◆ Assigned task ◆
Print the data exactly as written, line for line, and leave its pictures behind.

◆ Raw data ◆

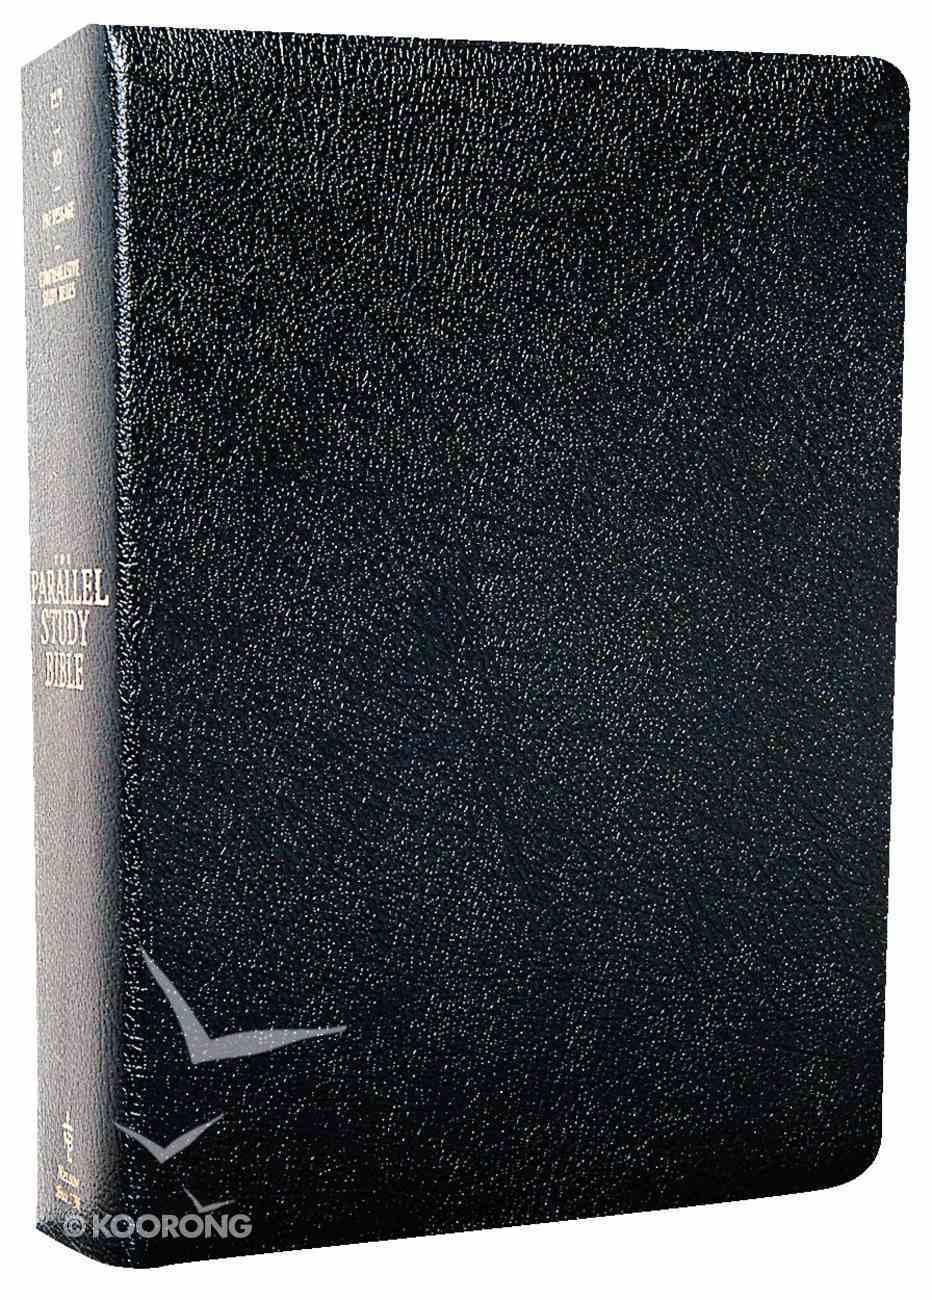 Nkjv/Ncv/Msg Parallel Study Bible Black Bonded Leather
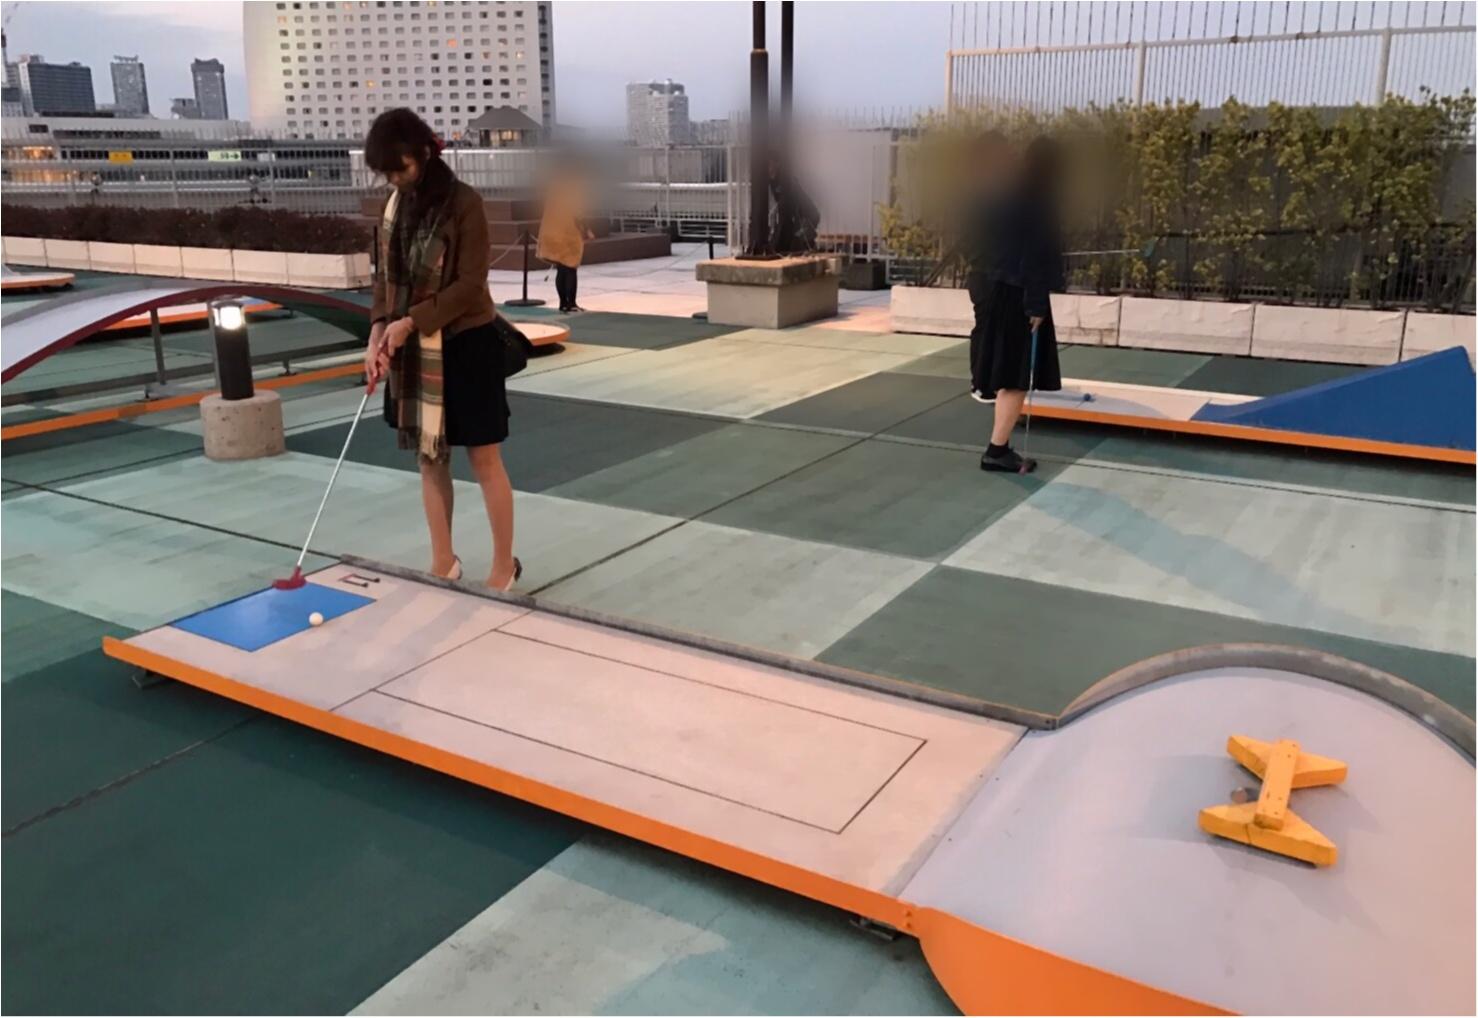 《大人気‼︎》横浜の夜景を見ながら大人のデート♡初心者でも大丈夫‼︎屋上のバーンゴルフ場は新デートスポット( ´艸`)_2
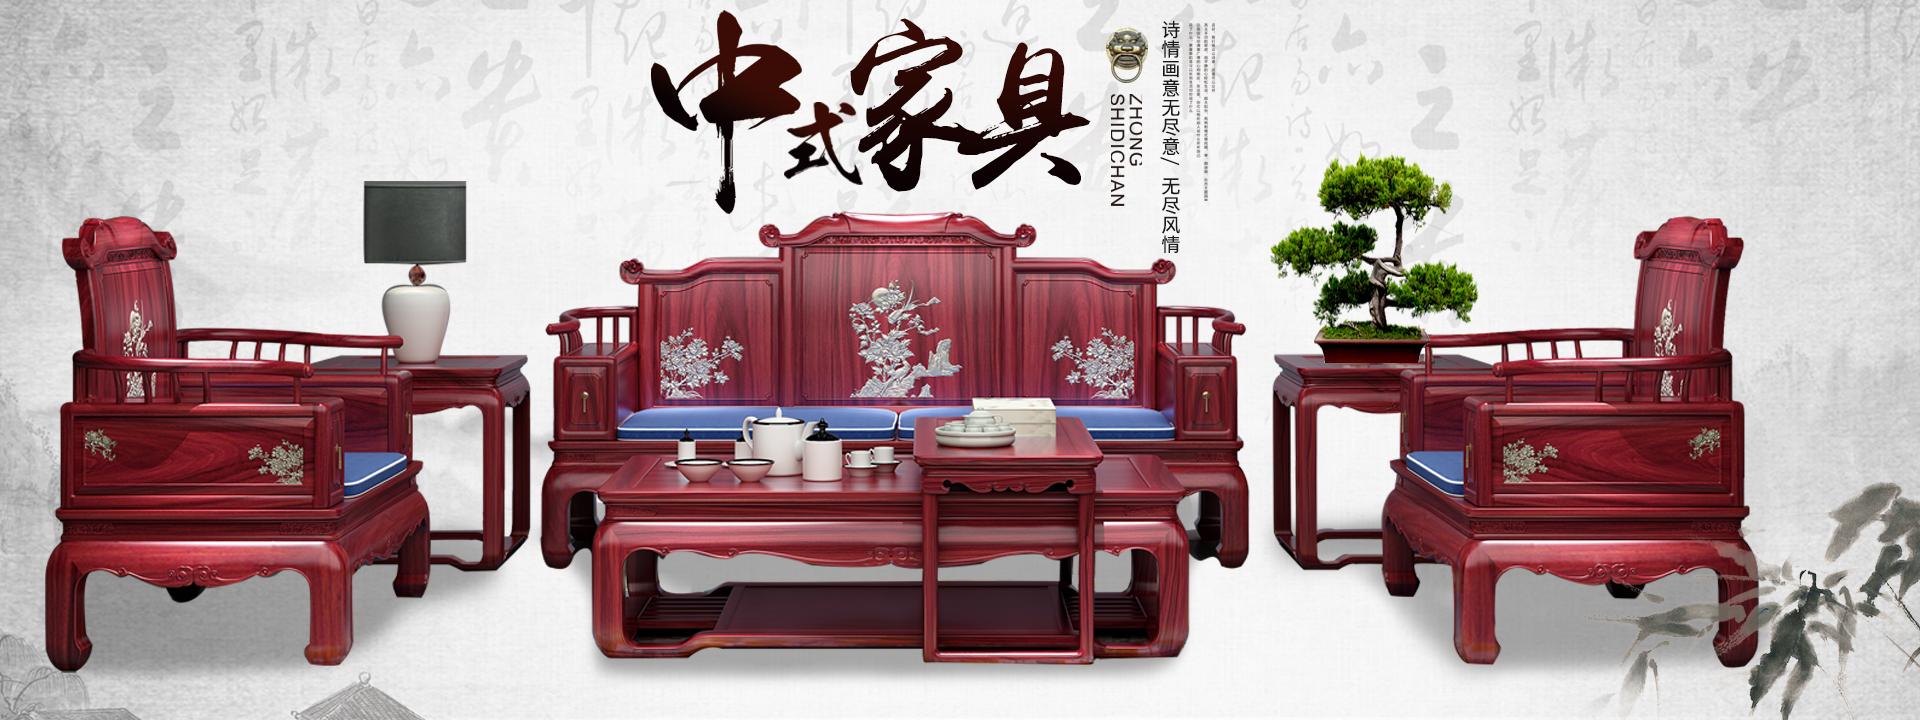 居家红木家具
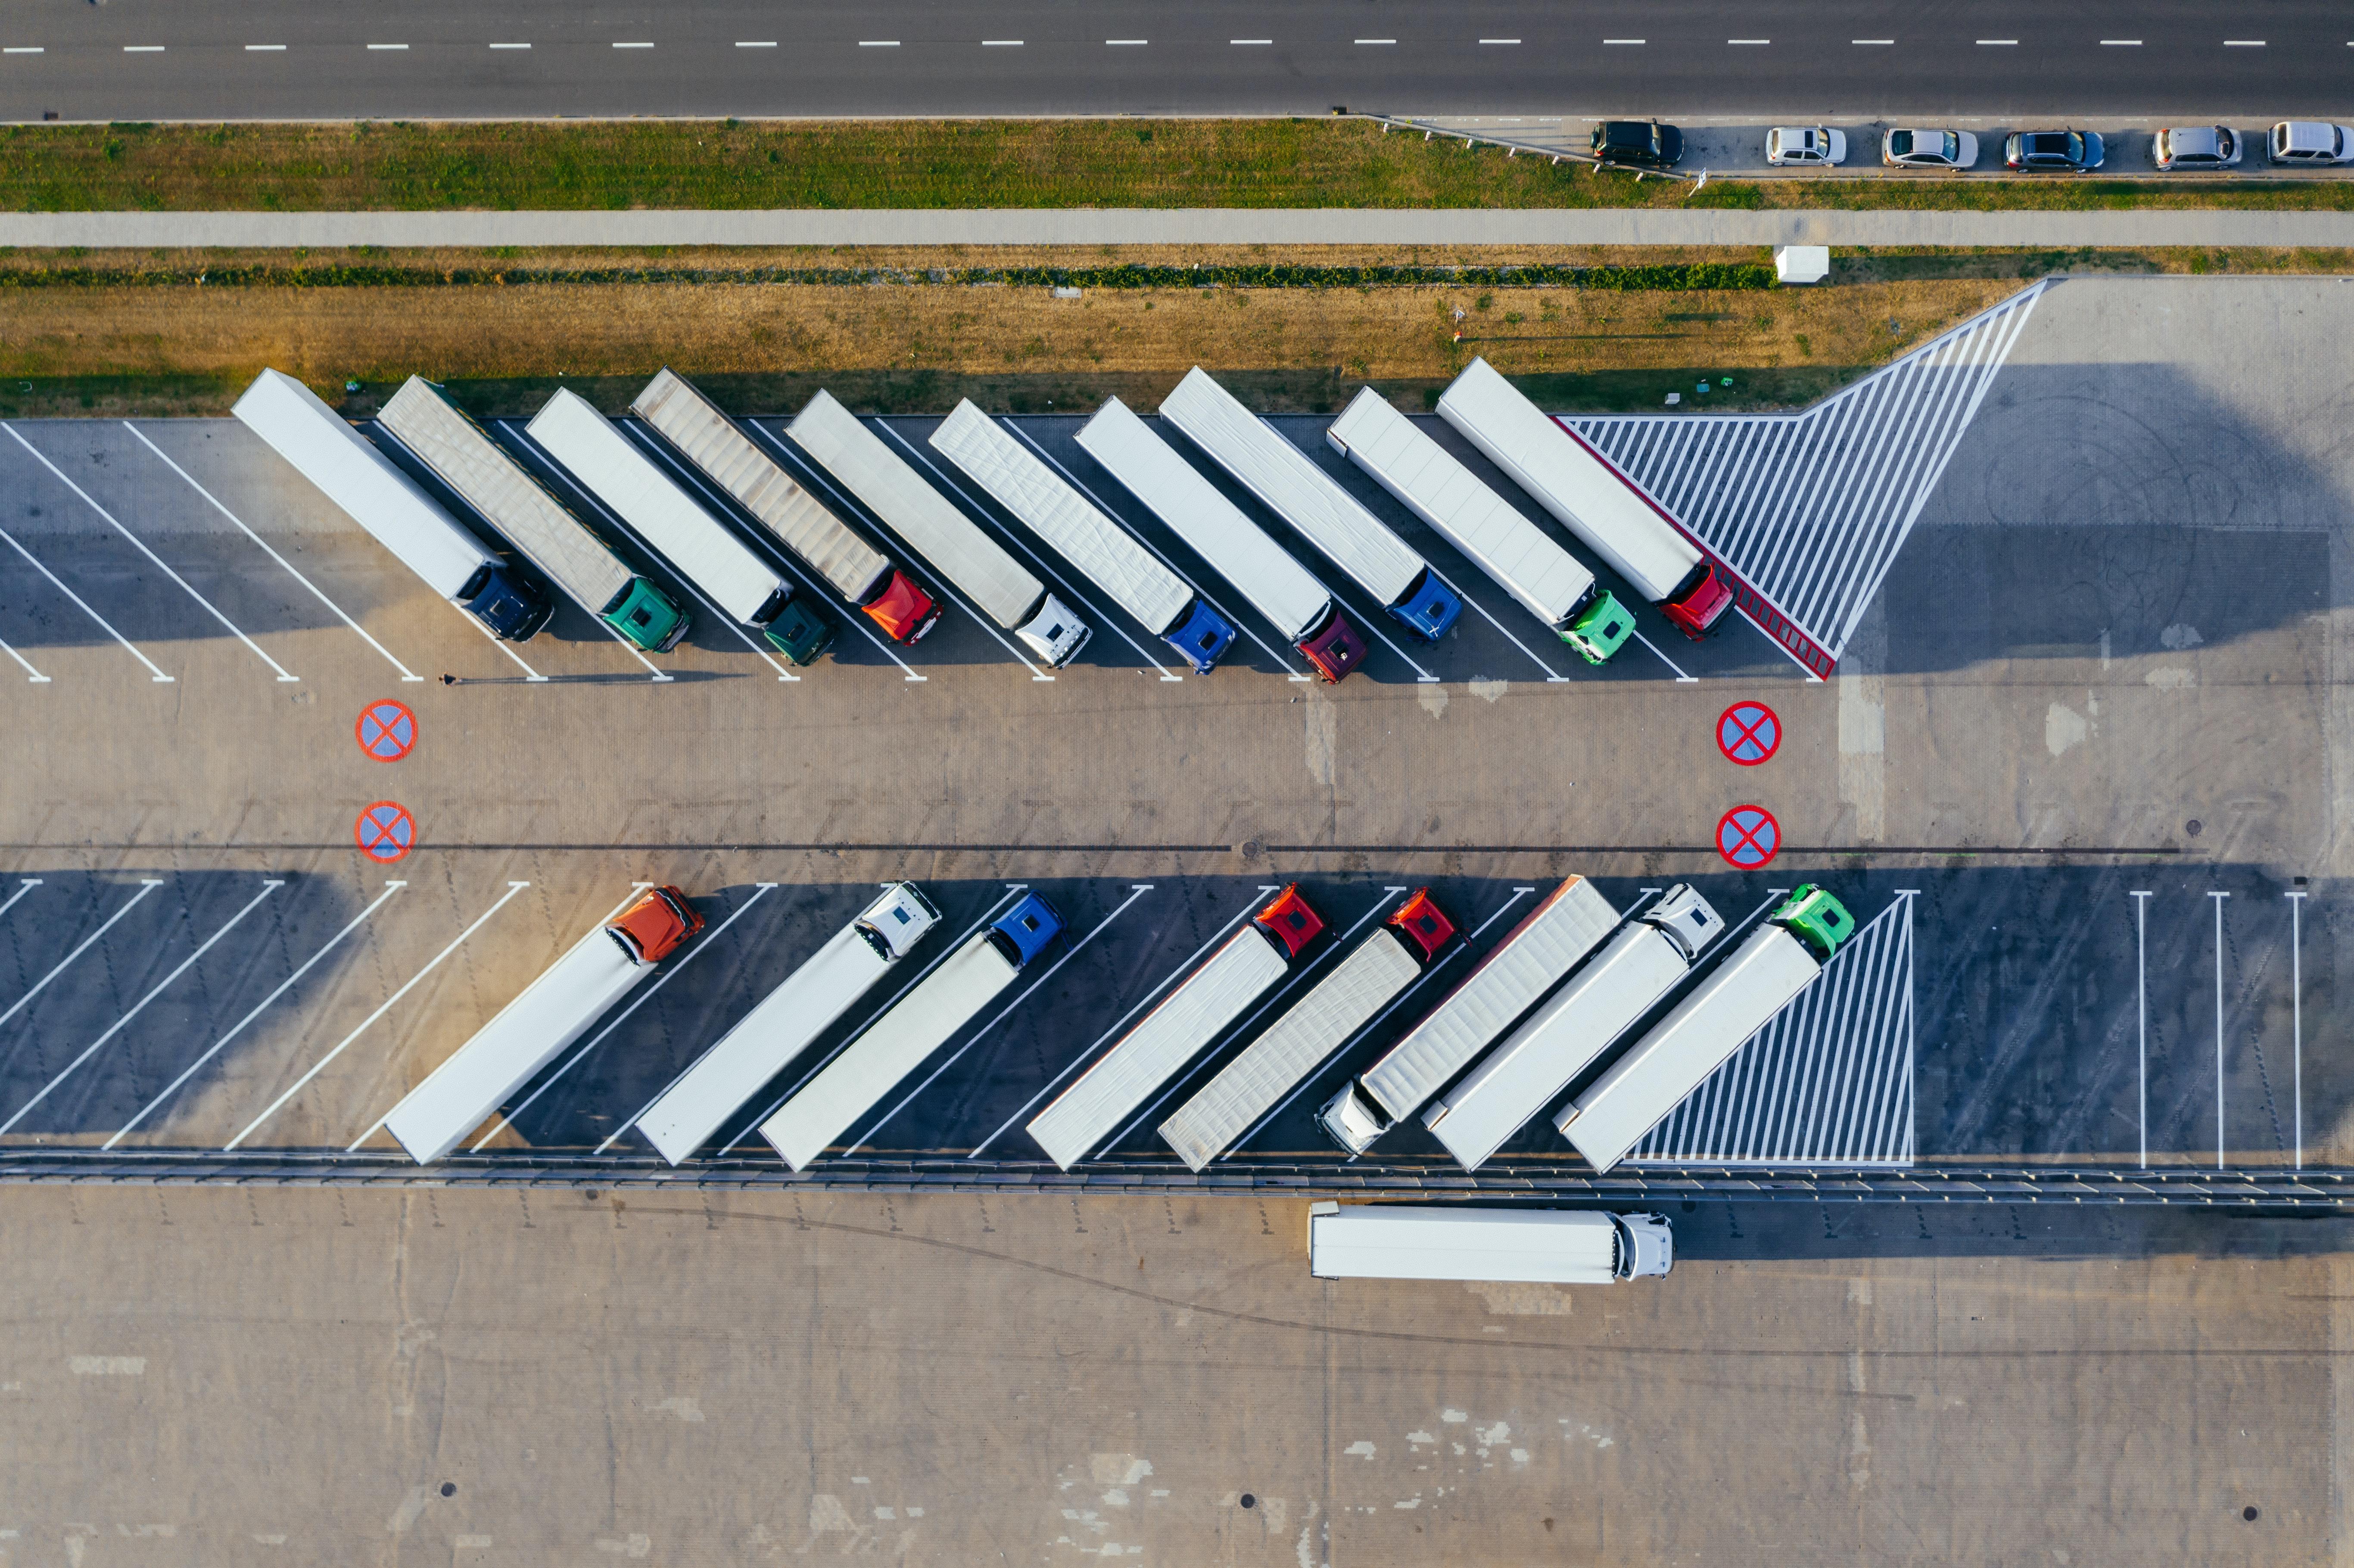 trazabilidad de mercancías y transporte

◆ Response to this task ◆
 Nkjv/Ncv/Msg Parallel Study Bible Black Bonded Leather
 《大人気‼︎》横浜の夜景を見ながら大人のデート♡初心者でも大丈夫‼︎屋上のバーンゴルフ場は新デートスポット( ´艸`)_2
 居家红木家具
 trazabilidad de mercancías y transporte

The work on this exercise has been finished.